Information sensitivity functions to assess parameter information gain and identifiability of dynamical systems

TL;DR

The paper introduces Information Sensitivity Functions (ISFs), a novel, computationally simple method based on sensitivity analysis and information theory, to evaluate parameter information gain and identifiability in dynamical systems.

Contribution

It presents ISFs as an easy-to-compute tool that combines sensitivity analysis with Bayesian and information-theoretic measures to assess parameter identifiability and correlations.

Findings

ISFs quantify information gain about parameters over time.

They help identify regions with high parameter information.

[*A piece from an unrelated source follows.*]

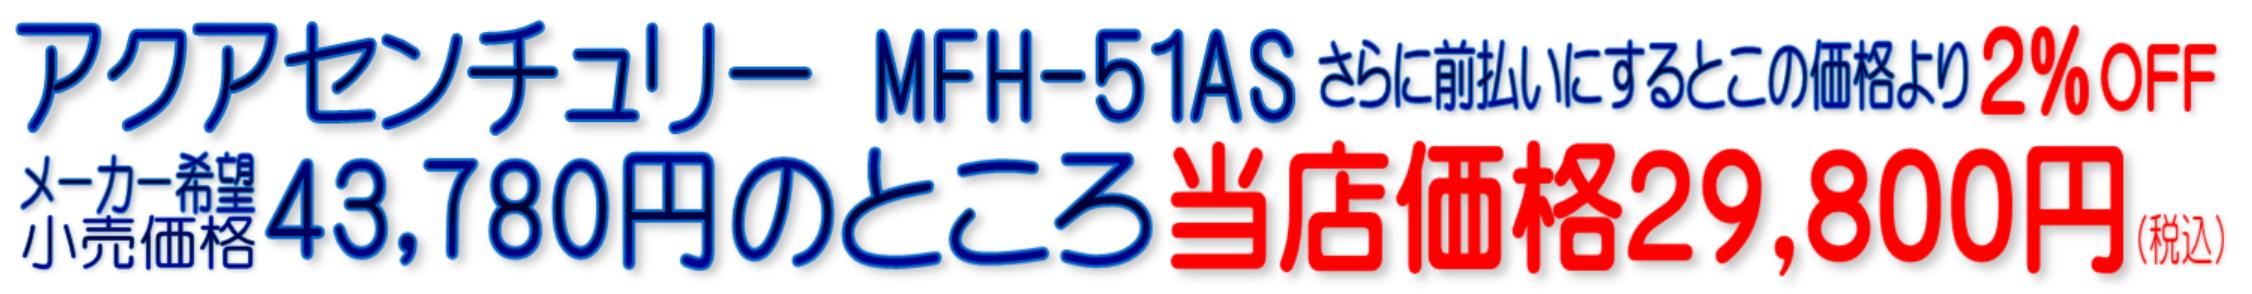 アクアセンチュリー MFH-51AS

They assess the impact of noise and experimental design on parameter identifiability.

Abstract

A new class of functions, called the `Information sensitivity functions' (ISFs), which quantify the information gain about the parameters through the measurements/observables of a dynamical system are presented. These functions can be easily computed through classical sensitivity functions alone and are based on Bayesian and information-theoretic approaches. While marginal information gain is quantified by decrease in differential entropy, correlations between arbitrary sets of parameters are assessed through mutual information. For individual parameters these information gains are also presented as marginal posterior variances, and, to assess the effect of correlations, as conditional variances when other parameters are given. The easy to interpret ISFs can be used to a) identify time-intervals or regions in dynamical system behaviour where information about the parameters is concentrated; b) assess the effect of measurement noise on the information gain for the parameters; c) assess whether sufficient information in an experimental protocol (input, measurements, and their frequency) is available to identify the parameters; d) assess correlation in the posterior distribution of the parameters to identify the sets of parameters that are likely to be indistinguishable; and e) assess identifiability problems for particular sets of parameters.